*** Opening Listed entries ***
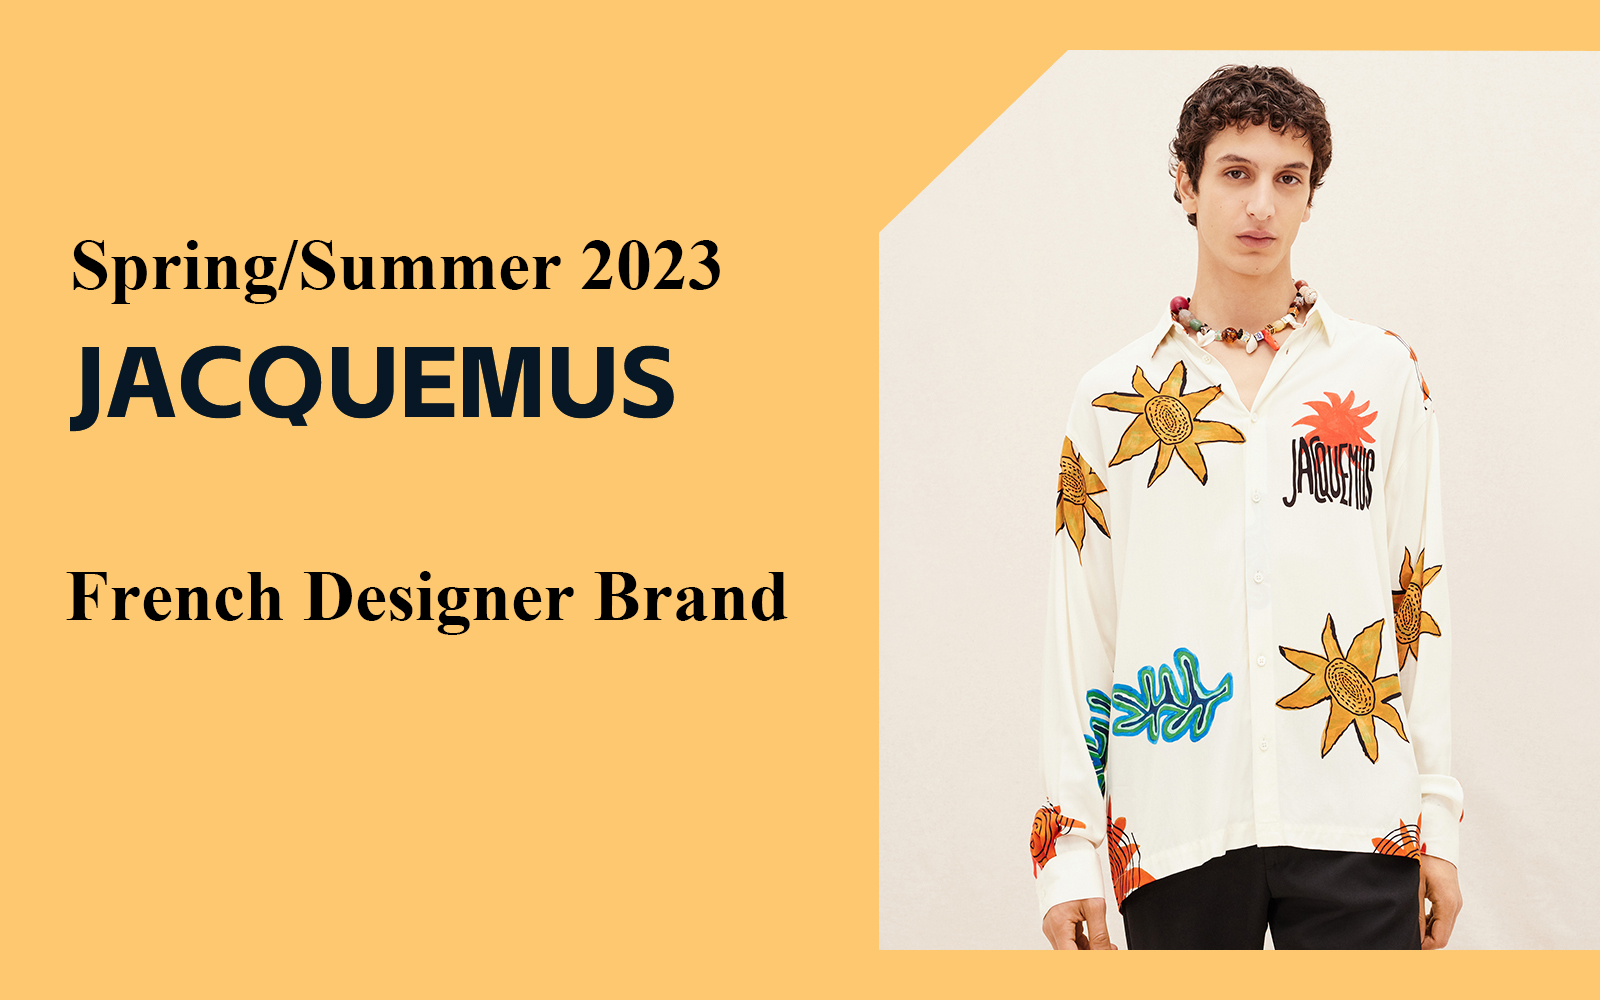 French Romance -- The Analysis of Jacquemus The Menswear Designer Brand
*** Closing Listed entries ***
*** Opening Listed entries ***
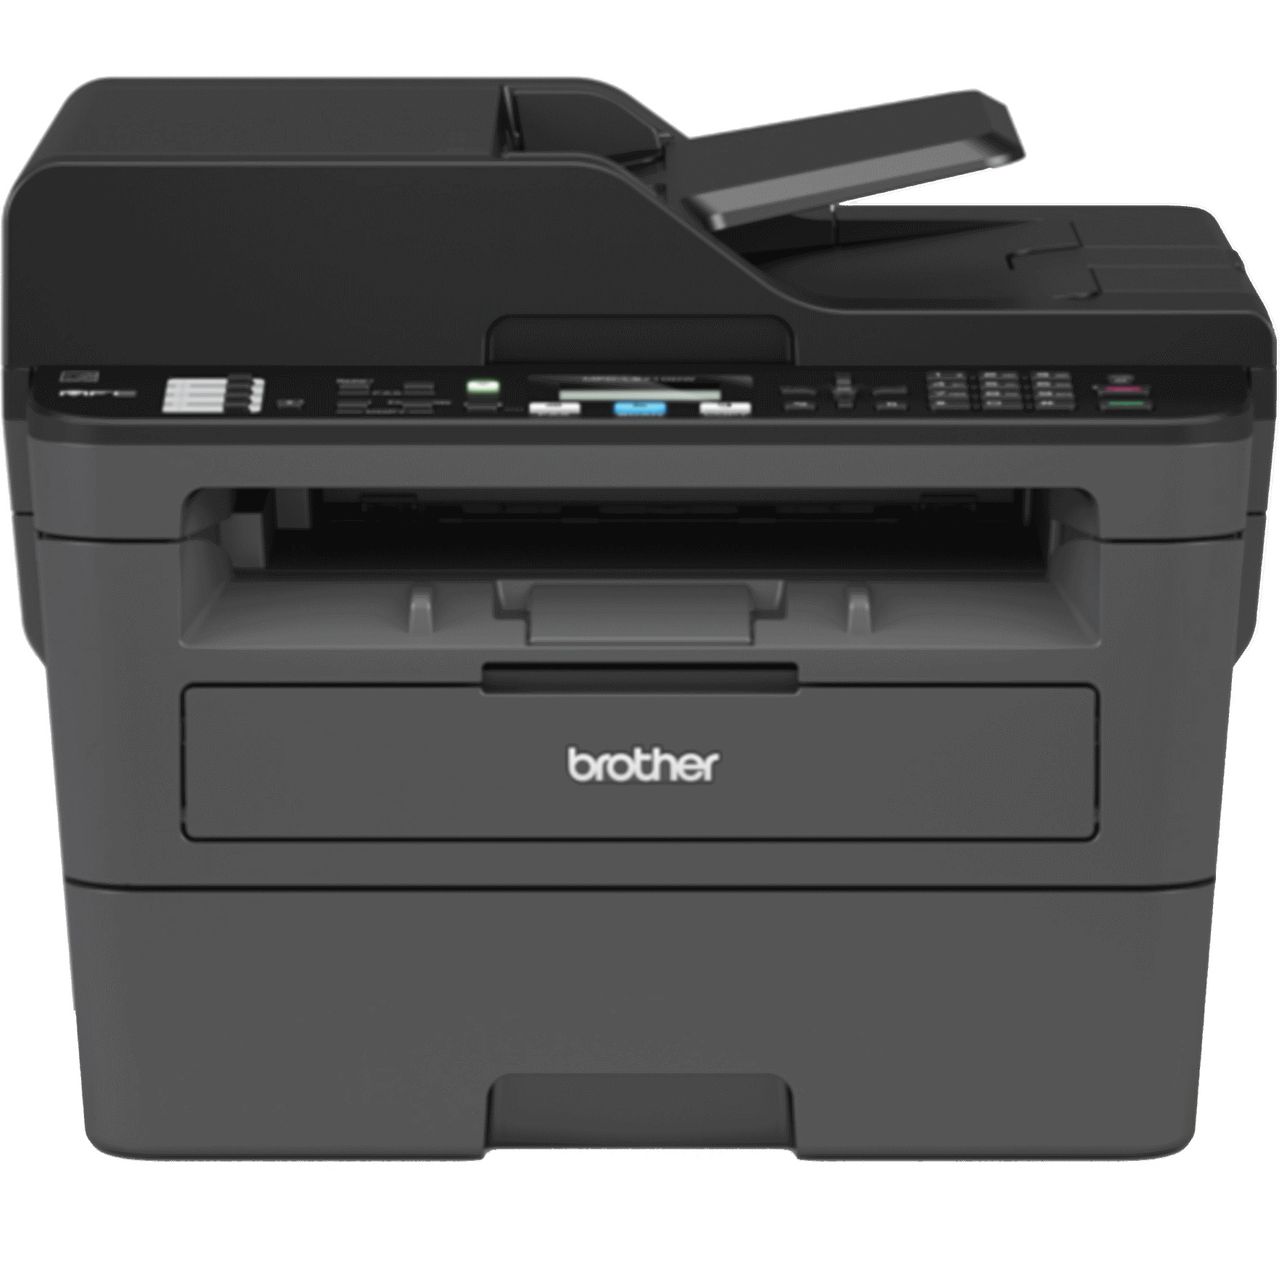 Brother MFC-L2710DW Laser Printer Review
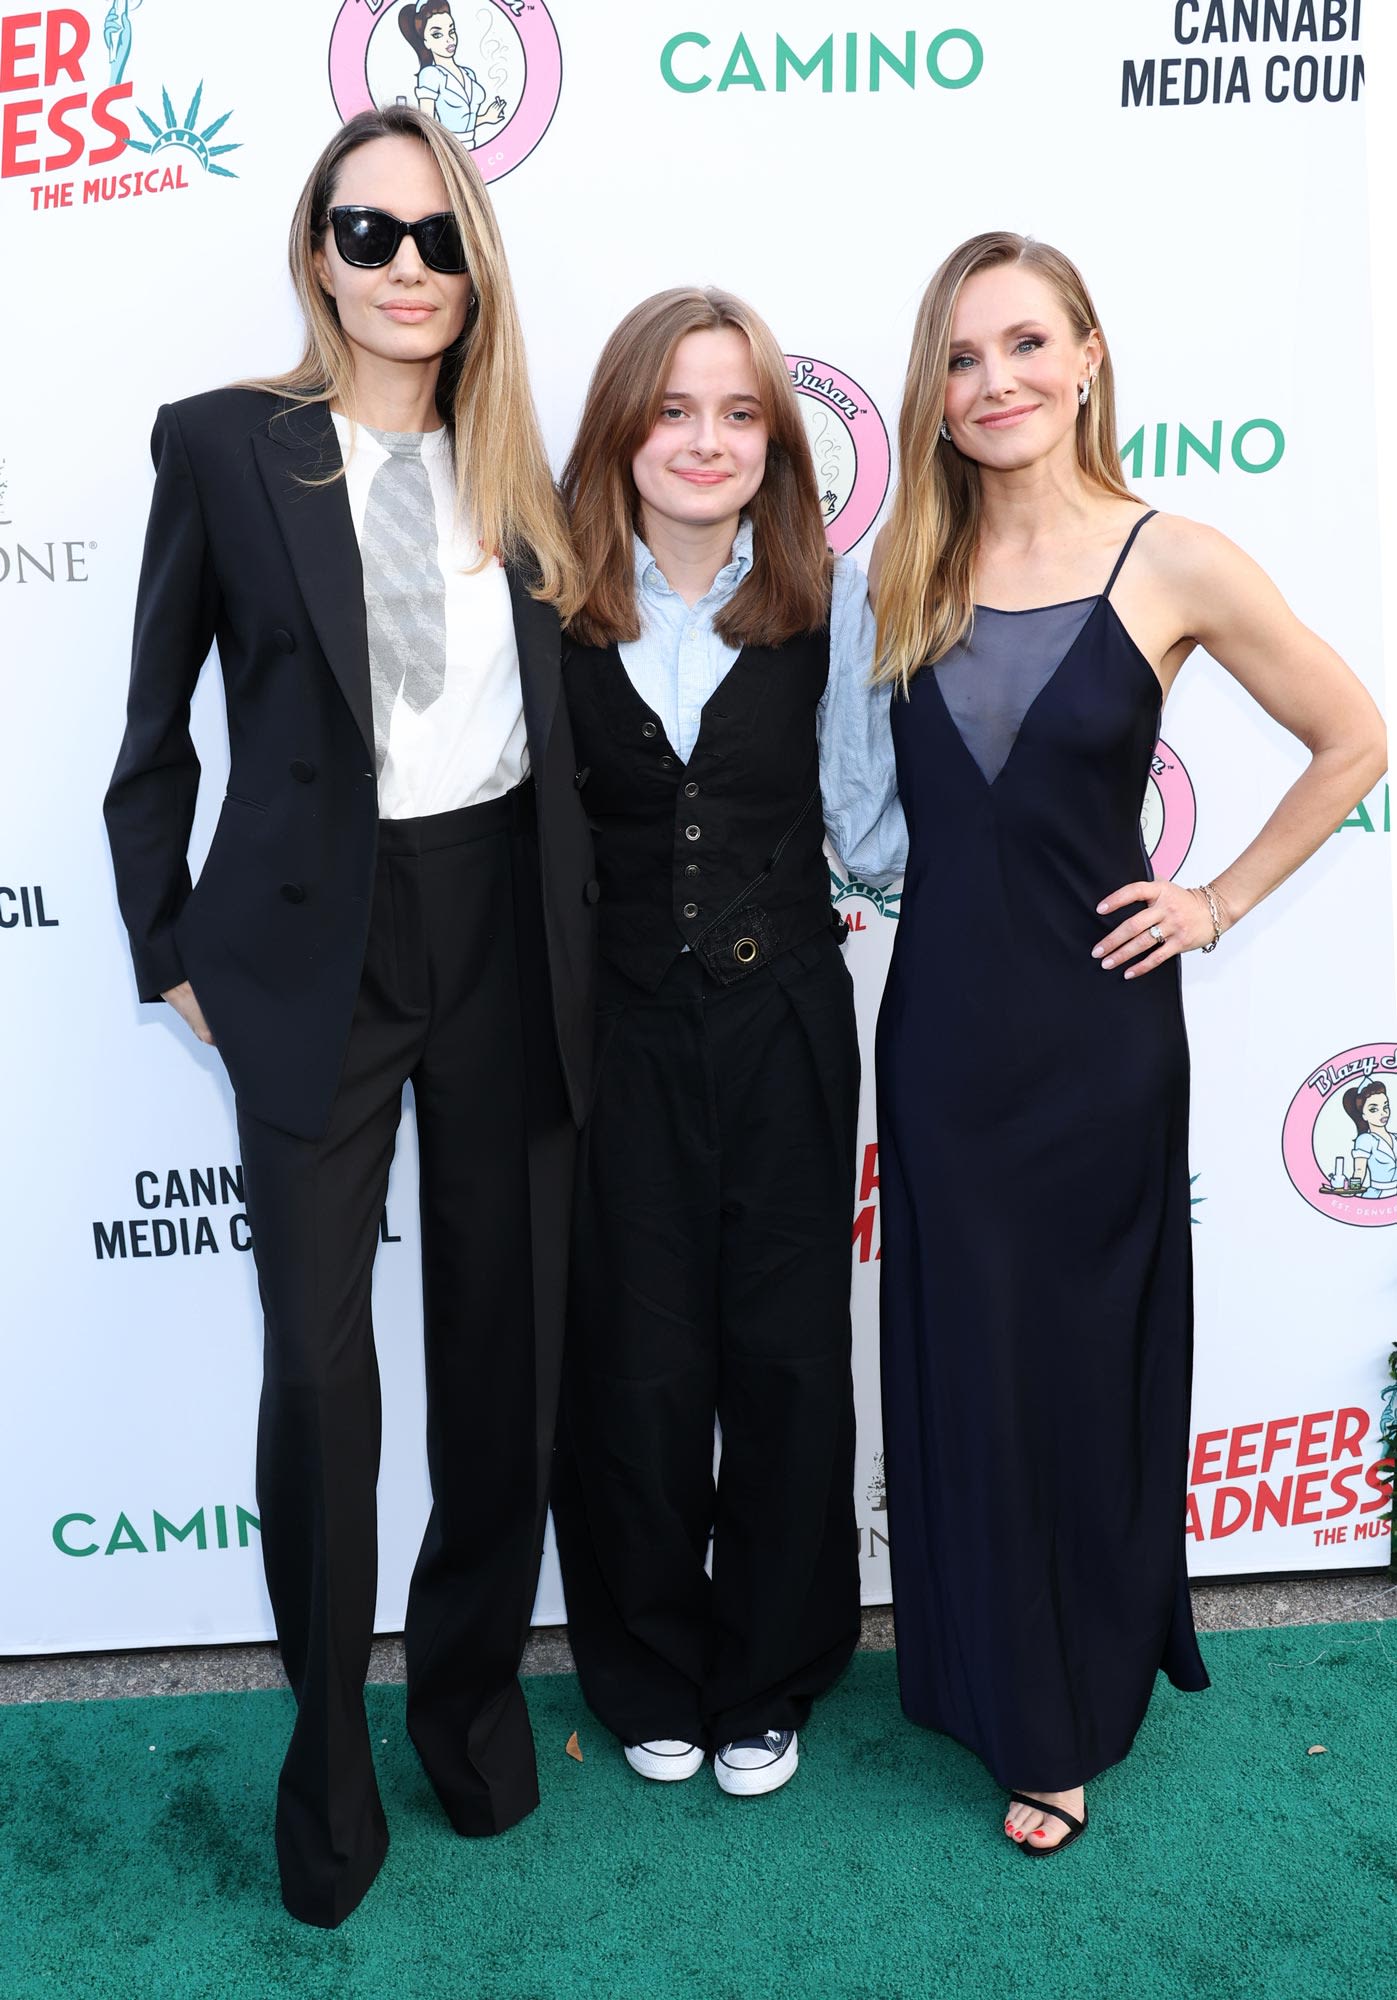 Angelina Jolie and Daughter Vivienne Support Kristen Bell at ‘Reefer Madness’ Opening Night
*** Closing Listed entries ***
Directions: Exact copy, no pictures. Write out the lines in the entries above, starting with the line with "Brother MFC-L2710DW Laser Printer Review" and going on through the line with "Angelina Jolie and", keeping both.

Response box:
 Brother MFC-L2710DW Laser Printer Review
 Angelina Jolie and Daughter Vivienne Support Kristen Bell at ‘Reefer Madness’ Opening Night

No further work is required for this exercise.